Литмир - Электронная Библиотека
A
A

Деконструкция разделения имперской политики на внутреннюю и внешнюю позволяет по-новому переосмыслить реформы как способ правления[28]. Историки дореволюционной России до сих пор рассматривали реформы двояким образом. С одной стороны, они видели в них средство модернизации отсталой страны, возможность подтянуть ее до уровня передовых стран Западной Европы в условиях все более жесткого великодержавного соперничества. С другой стороны, они усматривали в реформах попытку предотвращения внутренних революций, которые поначалу происходили в царских дворцах, однако со временем все более грозили выплеснуться на площади и улицы. И как мобилизационный ресурс, и как способ предотвращения революционных потрясений реформы рассматривались преимущественно как явления внутренней политики, чья внешнеполитическая значимость исчислялась лишь тем, насколько реформы способствовали увеличению (или ослаблению) военной мощи и внутреннего единства России. Данное исследование выступает против столь ограниченного понимания реформ и демонстрирует, что они представляли собой важный элемент имперской политики, выходившей далеко за формальные границы Российского государства.

Преобразования Петра Великого, несомненно, носили характер внутренней мобилизации и потому сходны с усилиями предшествовавших и современных ему правителей Западной и Центральной Европы[29]. Сформулированная в меркантилистской и камералистской литературе XVII и XVIII веков, такая политика преследовала целью увеличение государственного богатства (что неизбежно повышало государственные доходы) посредством регулирования хозяйственной деятельности подданных и улучшения общего благосостояния[30]. Однако применение мер, первоначально практиковавшихся в малых или средних европейских государствах, к огромной континентальной империи неизбежно вызывало смещение акцентов. В частности, российский вариант меркантилизма и камерализма уделял повышенное внимание колонизации как средству установления контроля над открытыми и нестабильными южными границами, которые на протяжении столетий были источником стратегической уязвимости Российского государства[31].

Особенно проблематичными были «комплексные пограничные зоны», в которых России противостояли несколько других империй в борьбе за лояльность многоэтничного и многоконфессионального населения[32]. Земли к северу и западу от Черного моря составляли одну из таких зон, в которой Московское государство во второй половине XVII столетия вступило в соперничество с Османской империей, Габсбургской монархией и Речью Посполитой[33]. На протяжении последующих полутораста лет борьба этих империй между собой изменила сам характер данной территории.
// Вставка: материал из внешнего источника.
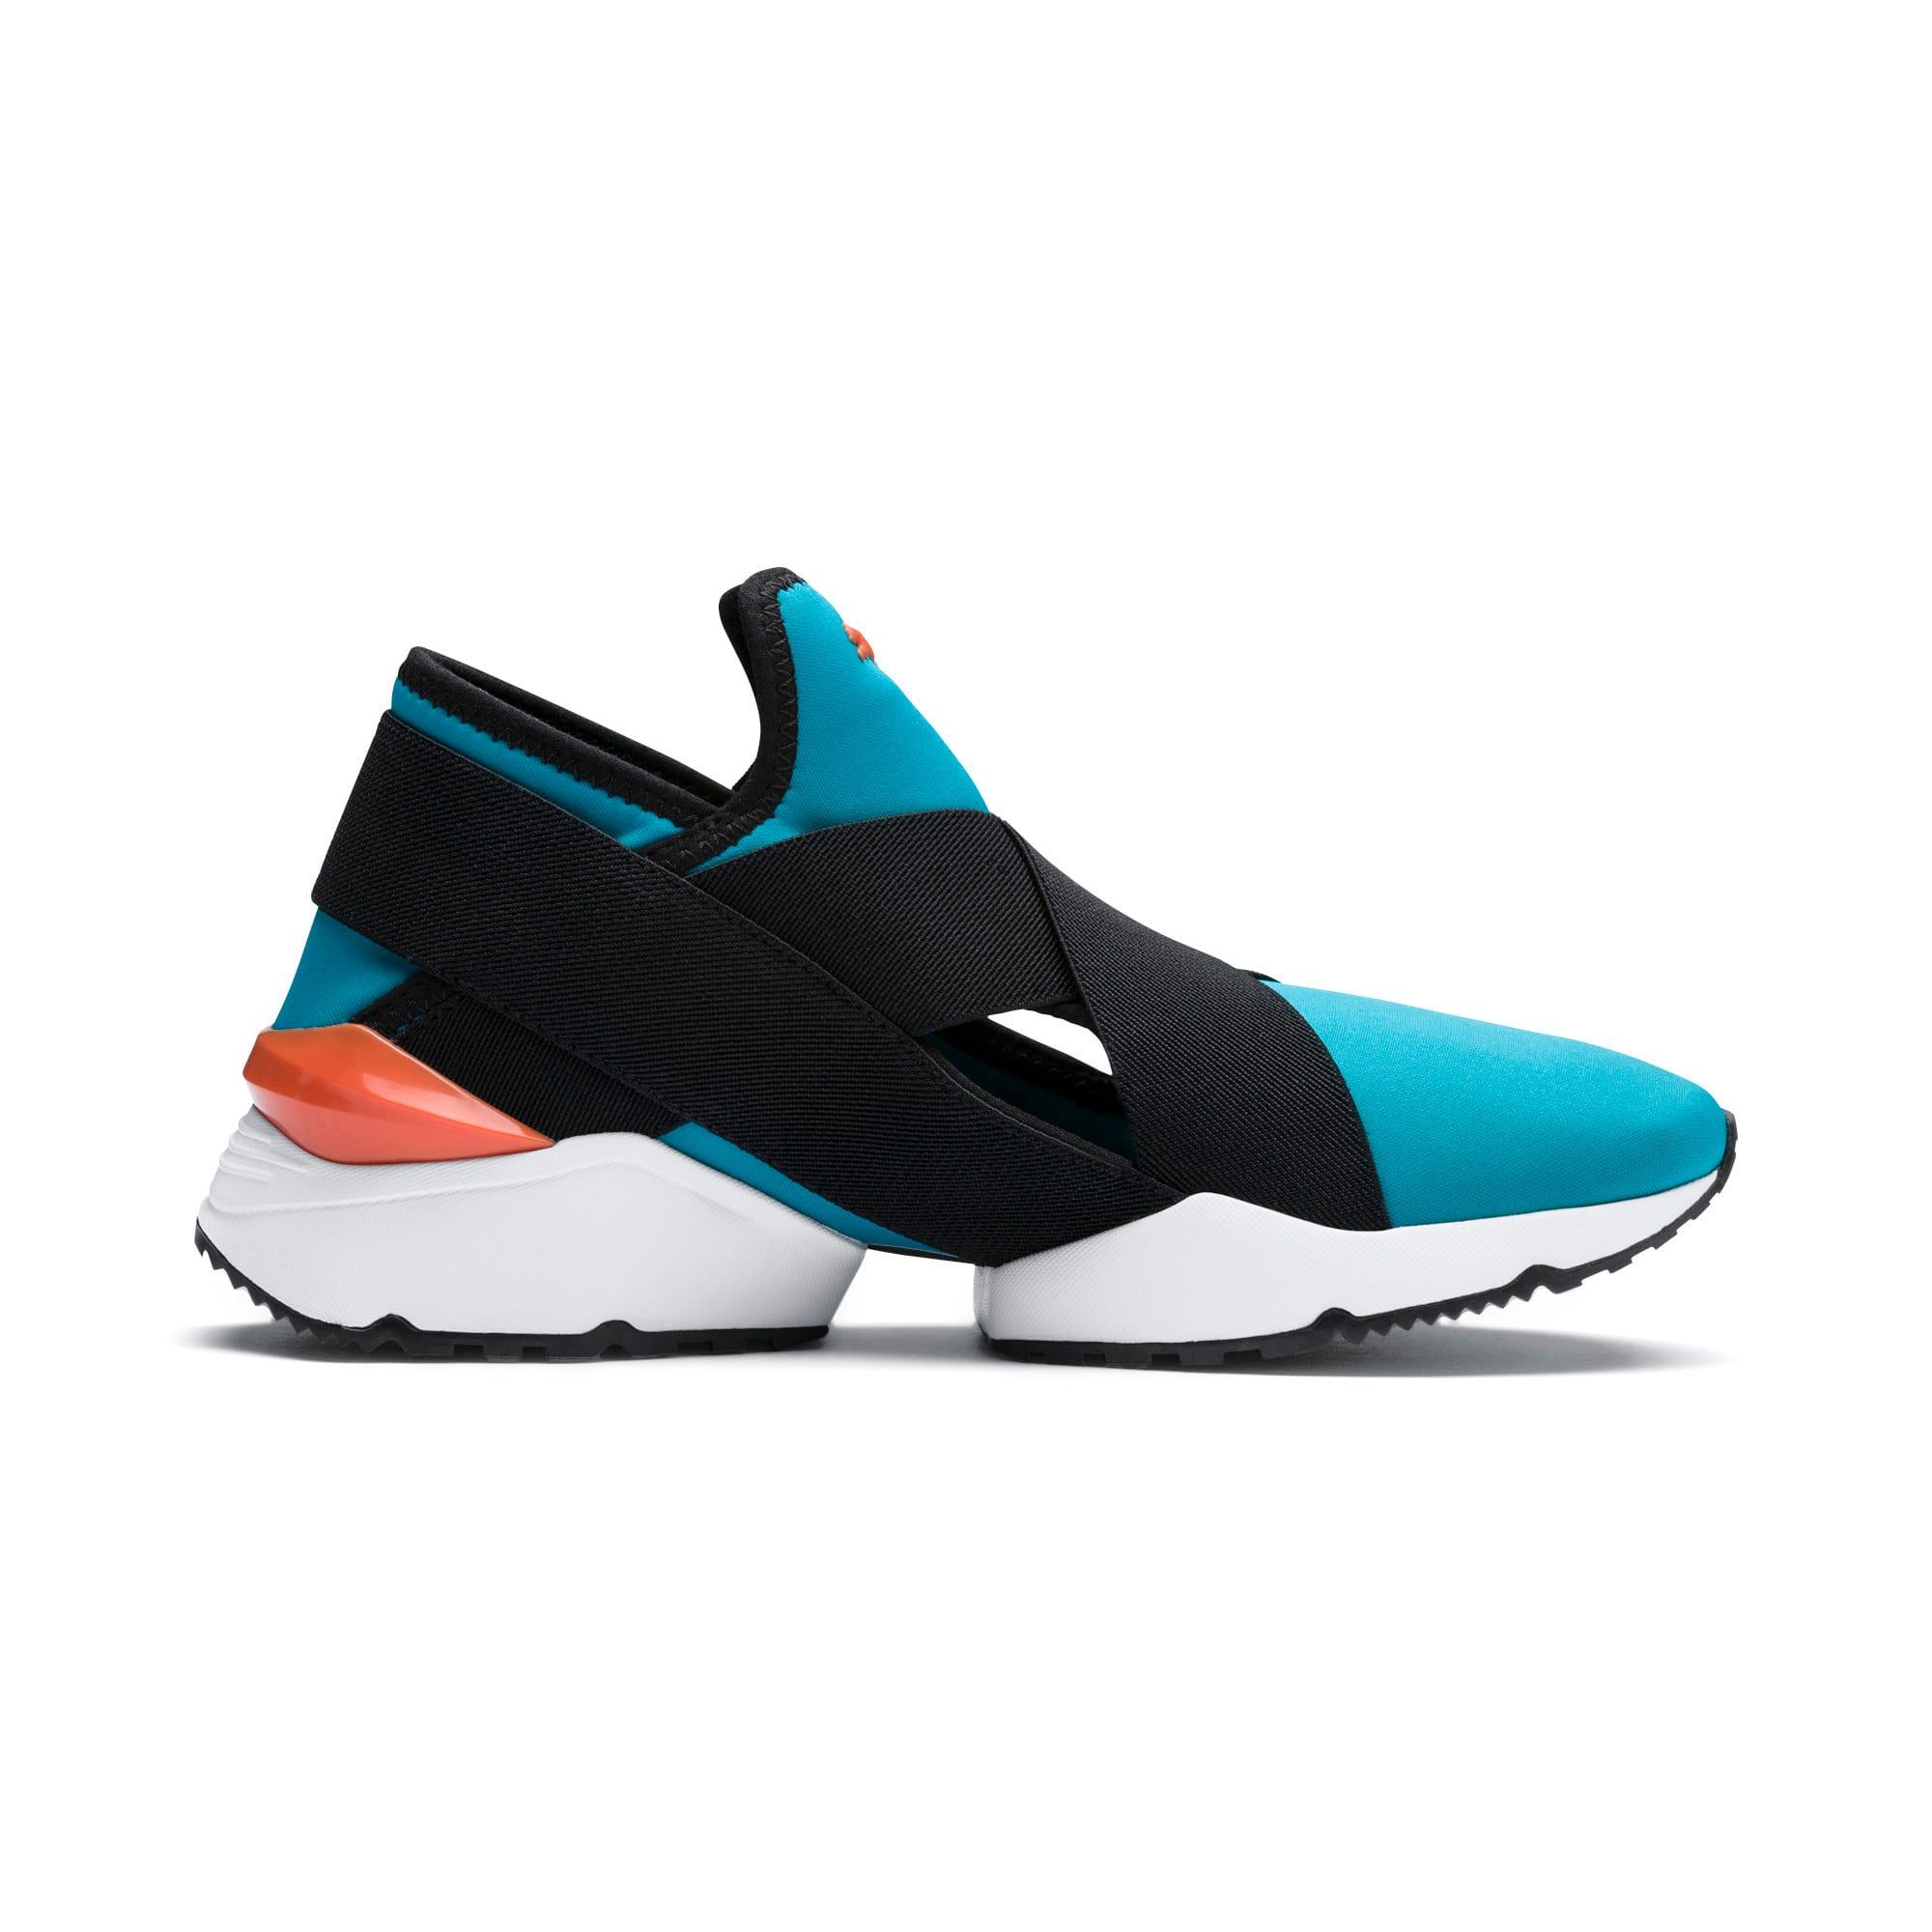 Thumbnail 6 of Muse 2 EOS Trailblazer Women's Sneakers, Caribbean Sea-Puma Black, medium

Исламский фронтир, населенный полукочевыми татарами и ногаями, уступил место фронтиру сельскохозяйственной колонизации и, в конце концов, системе модерных государственных границ[34]. В то время как демаркация османо-габсбургской границы после Карловицкого мира 1699 года обычно представляется в качестве поворотного момента в истории этого процесса[35], политика временной российской администрации в Дунайских княжествах может рассматриваться как его завершение. Реинтеграция османских крепостей и прилегавших к ним территорий на левом берегу Дуная в состав Валахии и создание дунайского карантина в 1829–1830 годах означали окончательное закрытие османского фронтира в Европе и его замену системой фиксированных государственных границ.
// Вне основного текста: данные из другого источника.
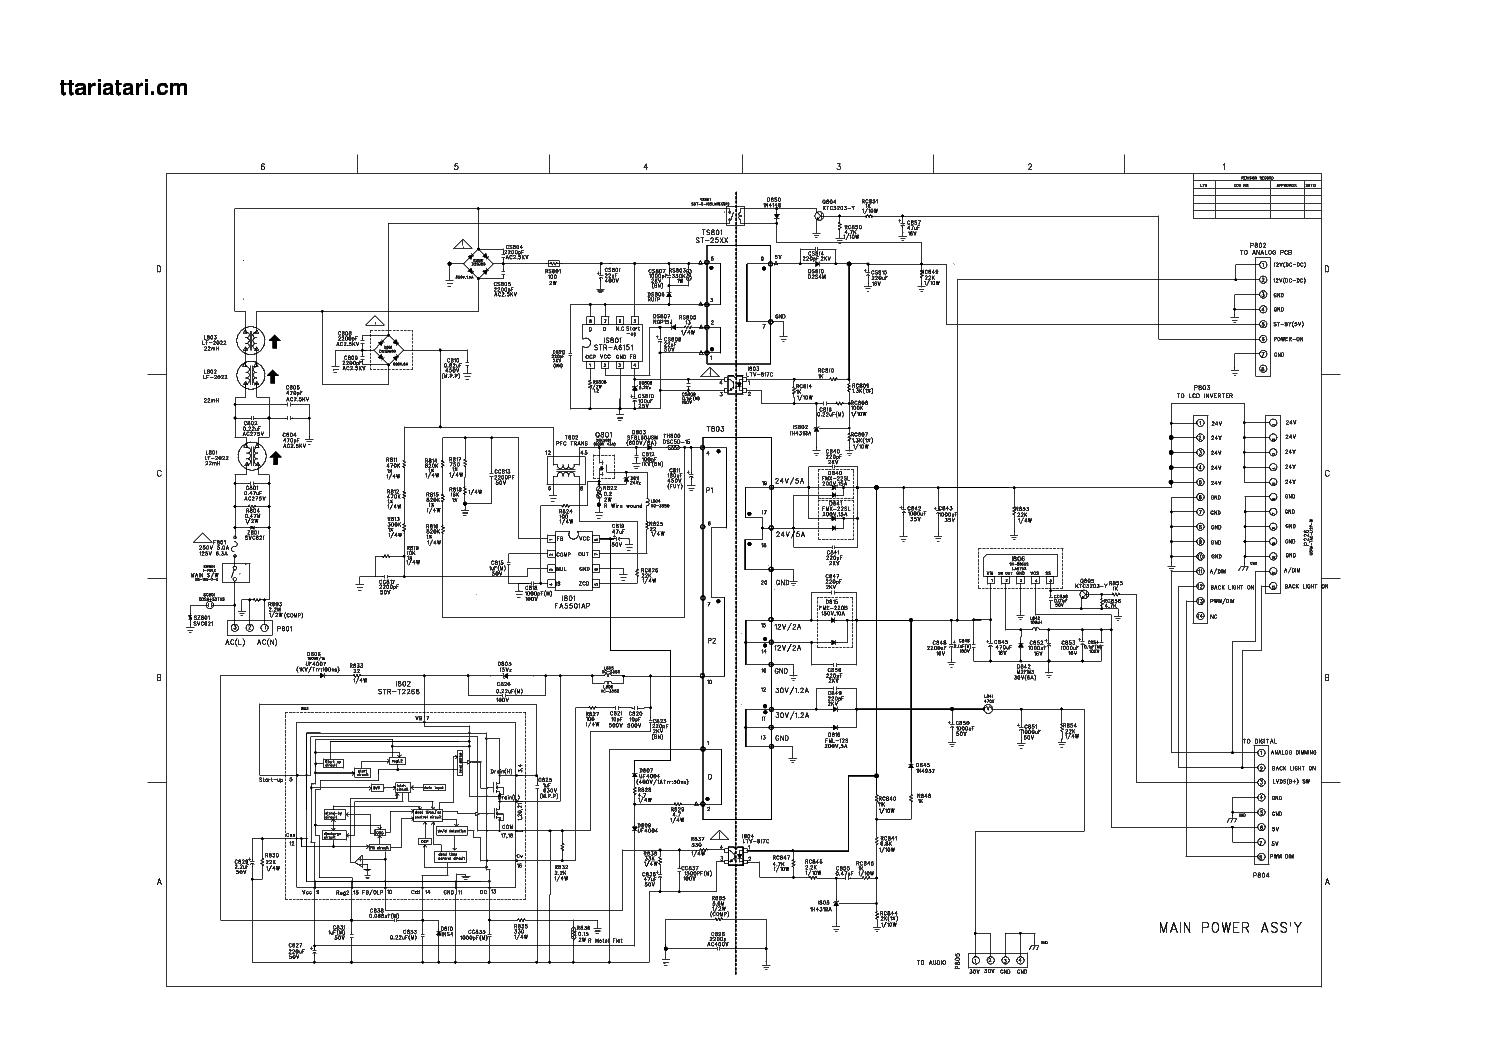 Power Supply Usage

Будучи ключевым элементом российской политической культуры послепетровского периода, реформы также определяли диалог правителей и элит[36]. Важно отметить, что диалог этот не был уникальным явлением и резонировал с подобными же взаимодействиями между правителями и элитами в других странах. В середине XVIII столетия агенты Санкт-Петербурга играли важную роль в политических конфликтах в Швеции и Польше, поддерживая там конституционные свободы. Эта стратегия, несомненно, помогала самодержавной России препятствовать политической централизации своих исторических противников[37]. В то же время аристократические вольности Швеции и Польши были источником вдохновения для тех представителей российского дворянства, которые мечтали наложить конституционные ограничения на самих российских самодержцев. В качестве примера можно привести конституционные проекты Никиты Панина, сформулированные им в период правления Екатерины Великой под впечатлением дипломатической службы в Стокгольме в конце 1740‐х – 1750‐х годах. Польские влияния на ранний российский конституционализм иллюстрируются примером Адама Чарторыйского, который не только был российским министром иностранных дел в 1803–1806 годах, но и участвовал в работе Негласного комитета, рассматривавшего проекты политической реформы в России в первые годы царствования Александра I[38].
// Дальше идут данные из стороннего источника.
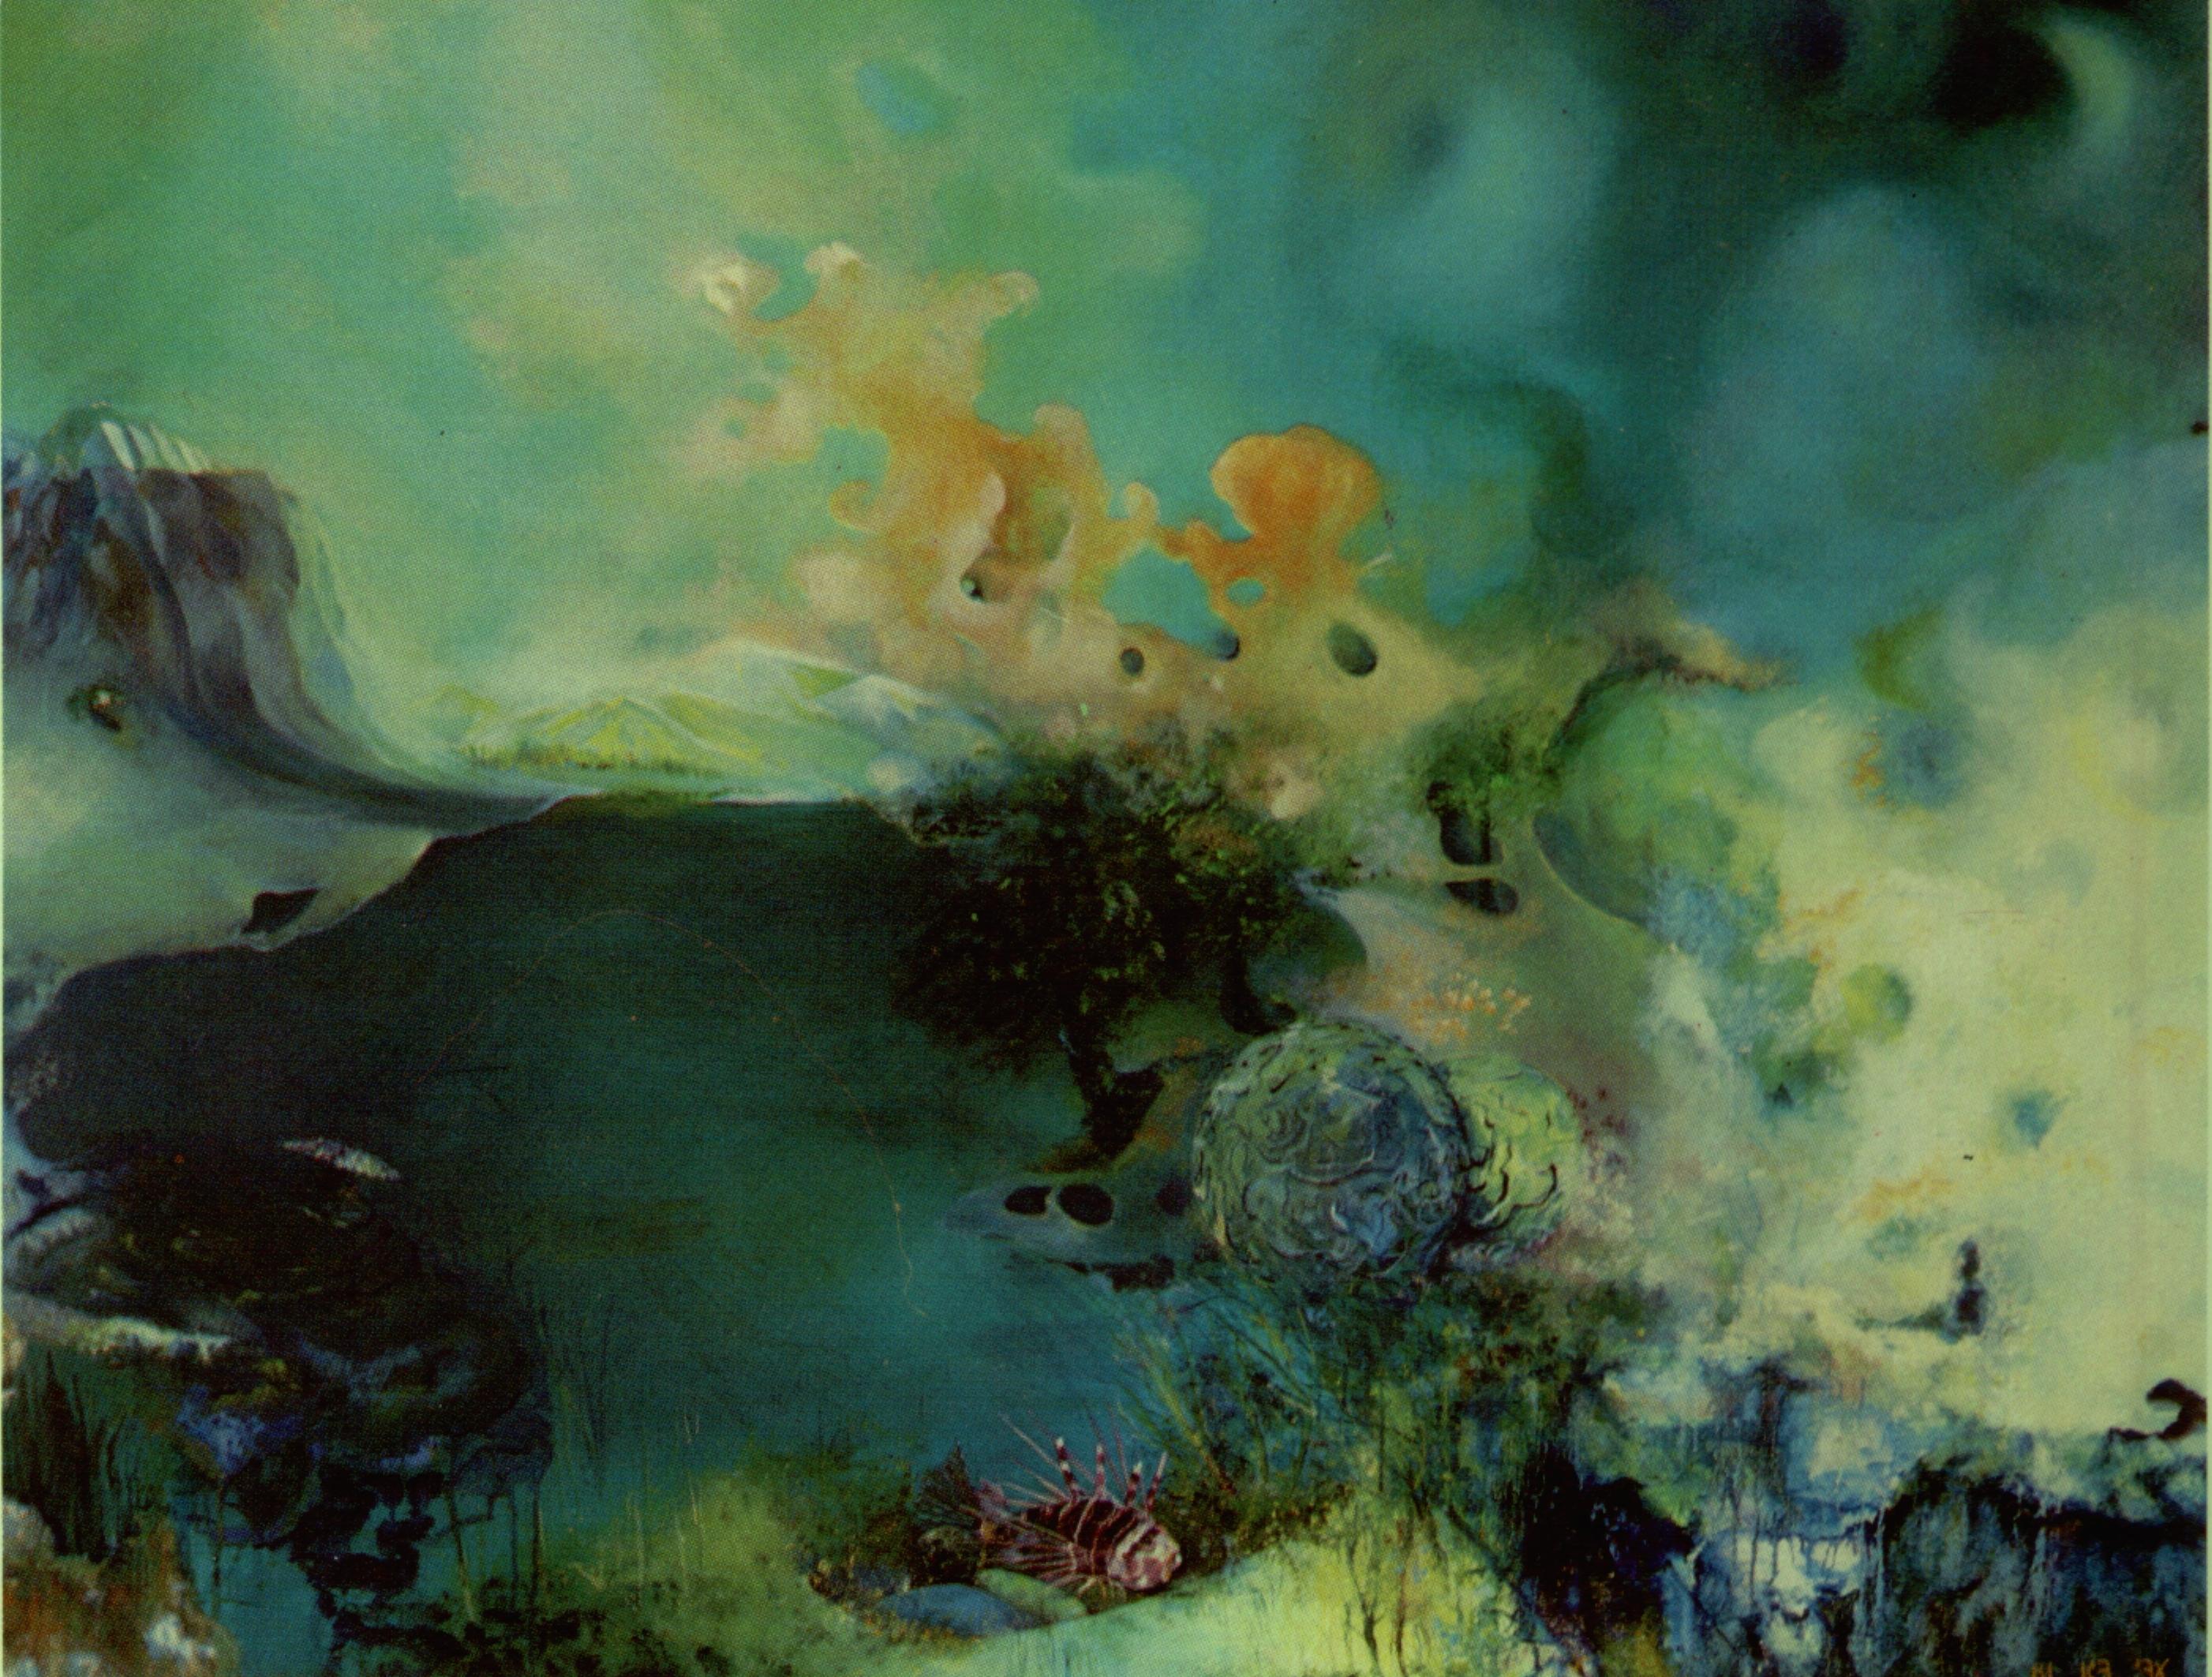 oil painting - eilat waterworld

После Французской революции конституционные и квазиконституционные проекты стали важным элементом борьбы России с наполеоновской Францией за лояльность элит пограничных территорий. Впоследствии возражения на англо-австрийский проект реставрации Бурбонов и поддержка французской Конституционной хартии, введение в 1815 году польской Конституционной хартии, а также поддержка подобных решений в ряде малых германских и итальянских государств представляли собой антиреволюционную стратегию Александра I, альтернативную строгому легитимизму Меттерниха[39]. Данные действия согласовывались с проектами политической реформы в самой России, наиболее значимым из которых стала Государственная уставная грамота Российской империи, разработанная в 1818–1820 годах. Оба этих аспекта политики реформ в посленаполеоновский период преследовали целью предотвращение распространения революционных идей среди элит Российской империи и европейских государств посредством предоставления этим элитам большей роли в управлении, не сокращая существенным образом прерогативы монарха.

Российская политика в Молдавии и Валахии в 1812–1834 годах позволяет проанализировать имперское правление посредством реформ в революционную эпоху, когда традиционные устремления местных элит начали приобретать радикальную окраску. Реформы, осуществленные под руководством царских дипломатов и военных, поставили Россию в положение арбитра в отношениях между господарями и боярством и могут рассматриваться как продолжение российской поддержки конституционных партий в Польше и Швеции. В то же время, предоставляя молдавским и валашским элитам определенную степень политического участия, реформы должны были остановить распространение «подрывных идей» в их среде. В конечном счете российские дипломаты и военные стали рассматривать преобразованные княжества в качестве буфера, защищавшего Россию от революционных влияний, исходивших от Западной Европы.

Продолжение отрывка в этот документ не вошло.